ECG 2FA Observations

I wish I had known about the permanent 2FA requirement to enable to ECG functionality before I upgraded to a new device because it makes no sense to me to enable 2FA forever when I may use ECG functionality once or twice and I use Connect app/website multiple times a day. It will make getting access to the fitness data I actually use way less convenient and that will be like 99+% of what I use Connect for. You should just split the ECG functionality off into a separate app / website or something because I can't see any benefit in intermingling my fitness and ECG data when the ramifications of this decision are so severe. I use a Stelio CGM for blood glucose monitoring and that doesn't even require 2FA for the app. As it is, I guess I'll buy a separate ECG device like a KardiaMobile if I ever get to the point of needing one.

  • So the GC app only requires 2FA code once, when you log in for the first time after installing it on your phone. After that, use it as normal. I have 2FA on my garmin account, I use the app multiple times a day and I'm not prompted for OTP on the app (only when I upgraded my phone and installed the app fresh)

    The website will require it periodically (but not all that often, my sessions remain valid for over a week) but definitely not for every use, just make sure you use the same session (same device and same browser). And when the code is required, the email (for me) arrives in less than 5 seconds, it's a very minor inconvenience at best.

    And 2FA/MFA is a good security feature which is highly recommended to use for all services that offer it - keep your data safe. Even secure passwords can be cracked by brute force, and many people reuse passwords or use weak passwords that are easy to guess. 2FA means that even if your password is compromised, your data is safe from unauthorised access.
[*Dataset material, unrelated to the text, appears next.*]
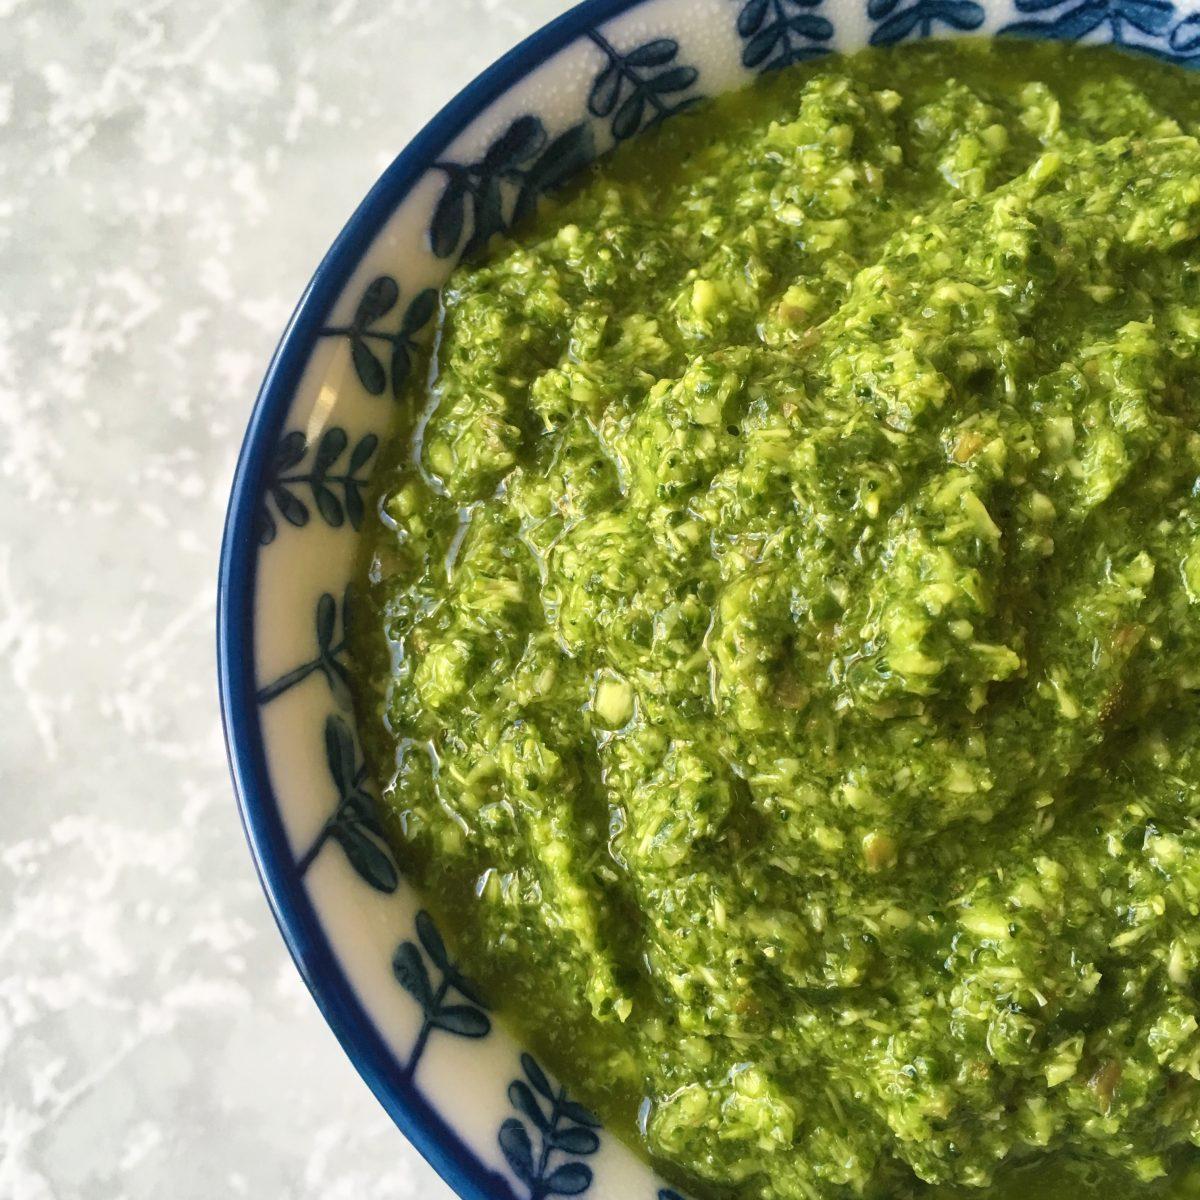 Broccoli Pesto with Capers

That's a good thing!

  • Yeah when I did some more research I saw some people saying it wasn't that bad - but it looks like it would break 3rd party tools (eg. GarminDB) that I use to analyze my data. It just seems unnecessary to me, I'm not worried about people getting access to my fitness data. I looked into getting a KardiaMobile for EKG and I couldn't find anything saying that if requires 2FA for access to it's EKG data (which is 6 lead - so superior to Garmins) - it seems kind of like this is more CYA for Garmin than it is a real regulatory requirement.

  • It did at first (only reason I didn't enable 2FA right away on my account)

    But there are clever folks out there who have resolved that issue. I use a python script to download my activities for offline backup (I'm a geek and I like tinkering), and the author has implemented a python library 'garth' which handles the 2FA: it'll prompt you for the token and then store a local session file, and the next time you run the script it can pick up the session from the file, without needing to re-authorise every time. I've been running that for months now without needing to re-authorise!

    So the download tool I use : https://github.com/cyberjunky/python-garminconnect

    And the python package: https://pypi.org/project/garth/ (source: https://github.com/matin/garth/tree/main )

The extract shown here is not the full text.